When God gave the command to parents and the community to teach children, the core of that was to teach them to “Love the Lord your God” (Deuteronomy 6:4-9). Rather than attempting to introduce every story of Scripture, we would do well to prepare children for meat by building a foundation of love for God and familiarizing them with stories from each section of God’s big story.
Why It’s Important to Help Kids Study the Bible
This journey starts with a child’s love to have stories read to them. Begin with books that introduce the concept that God loves them. As he grows into a toddler and then preschooler, read simplified stories from the Bible. Remember, your priority is to give him a familiarity with the stories of the Bible and to help lay the foundation of recognizing God’s character. You want to show how God is the hero of the story and emphasize His ongoing presence, protection, and promises.
It’s appropriate that these stories are just good stories to your child—stories he loves and wants to hear again and again. You’re helping him fall in love with the Bible, and, by extension, fall in love with God and His Kingdom. For a preschool child it’s less about teaching them to read the Bible and more about giving him a love for the stories of the Bible, which will lead to a desire to read them for himself as he gets older.
How to Help Kids Study the Bible as They Grow
As children begin to learn to read, what better way to have them practice their skills than to read the stories of the Bible? Begin with Bible storybooks that have simplified the language and sentence structure and use age-appropriate vocabulary words. As their reading abilities develop, you can have your child practice reading these stories to you. The habits they develop at an earlier age when someone reads them the stories of the Bible—maybe for a bedtime story every night—can continue. They can now take the lead when it comes to reading those stories. There’s a sense of discovery that they’ll find in these stories as they read them as opposed to just listening to them. This helps develop the discipline to spend time in God’s Word every day.
Help Kids Study the Bible Through Reading Practice
Around age seven a child can transition from Bible storybooks to reading a young reader’s version of the Bible. One example is the New International Reader’s Version (NIrV), which takes the translation work done for the New International Version and simplifies the sentence structure. Instead of compound sentences with lots of prepositional phrases, the sentences are simplified to a third grade reading level. This helps build confidence in a child that she, too, can read the Bible and understand it. At this time, she can learn Bible skills such as listing the books of the Bible in order and locating chapters and verses on her own. This is an important proactive step to take because it will help her take ownership in studying the Bible.

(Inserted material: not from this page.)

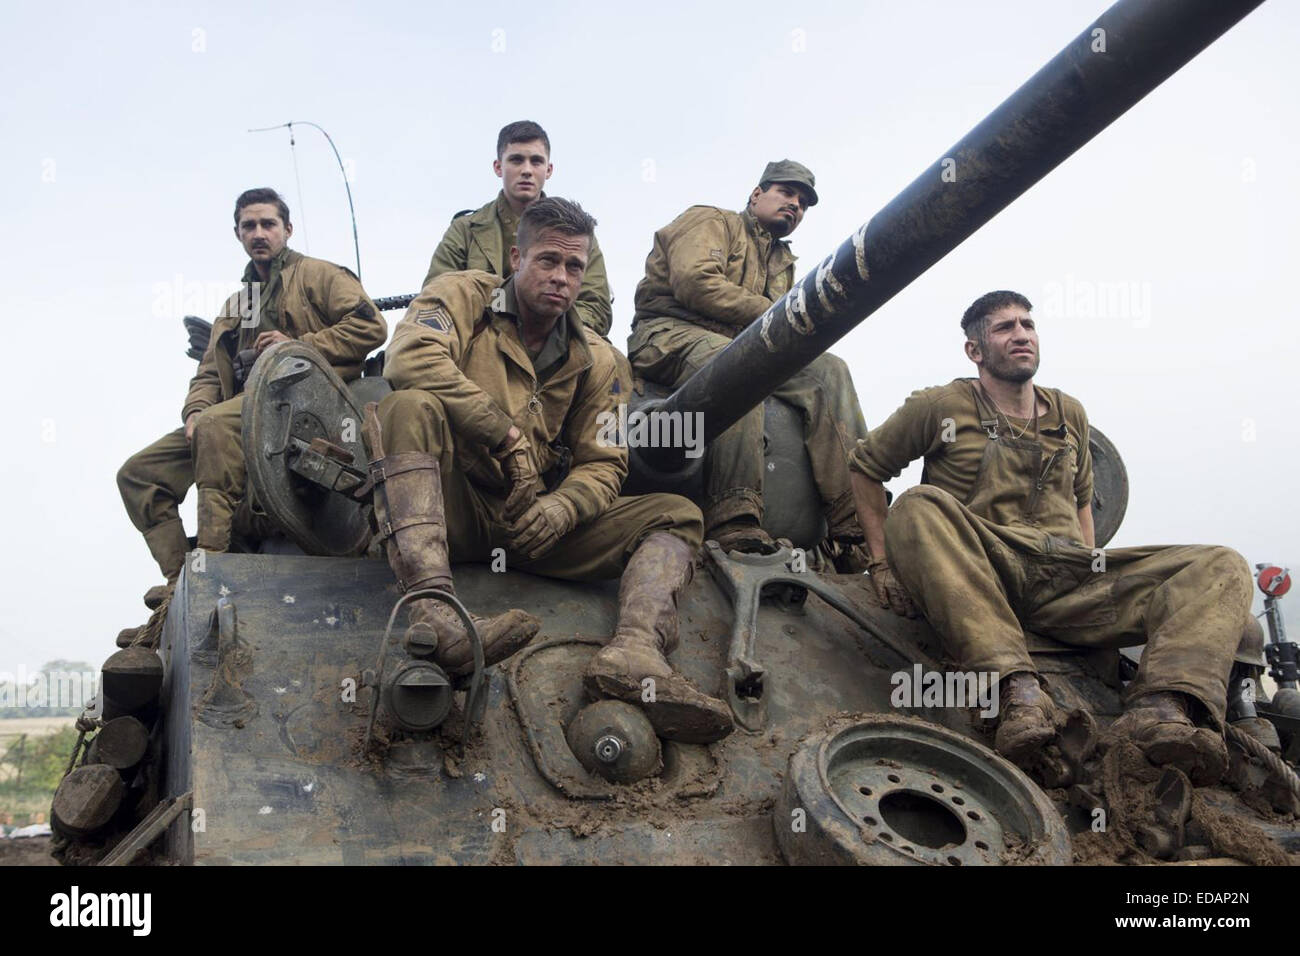 Fury is a 2014 American war film written and directed by David Ayer. The film stars Brad Pitt, Logan Lerman, Shia LaBeouf, Michael Peña, and Jon Bernthal. The film portrays tank crews during the final days of World War II in Europe Stock Photo

By the time children reach their preteen years, they can begin to understand the concept of Bible translation and recognize how different English translations tell the same story with different wording and sentence structure.
Introducing Bible Translations to Kids
Introduce them to the different approaches to Bible translation and explain why their great-grandparents might prefer one translation, while their ministry leaders use a different one. Have them read different translations of the same text to compare and allow them to choose the translation they want to use for their own personal study.
Helping Kids Understand Bible Translation
The “Bible Knowledge and Skills” chart provides an outline for parents and ministry leaders to follow in building confidence in Bible reading in childhood. Building Biblical Interpretation Skills We don’t live in the cultures that the stories of the Old or New Testament took place in. Some of the descriptions and illustrations used in the Bible do not make sense to kids living more than two thousand years after the events of Jesus’ life on earth. So, as a child begins to read Scripture on their own, equip them with the resources to understand and interpret God’s Word properly.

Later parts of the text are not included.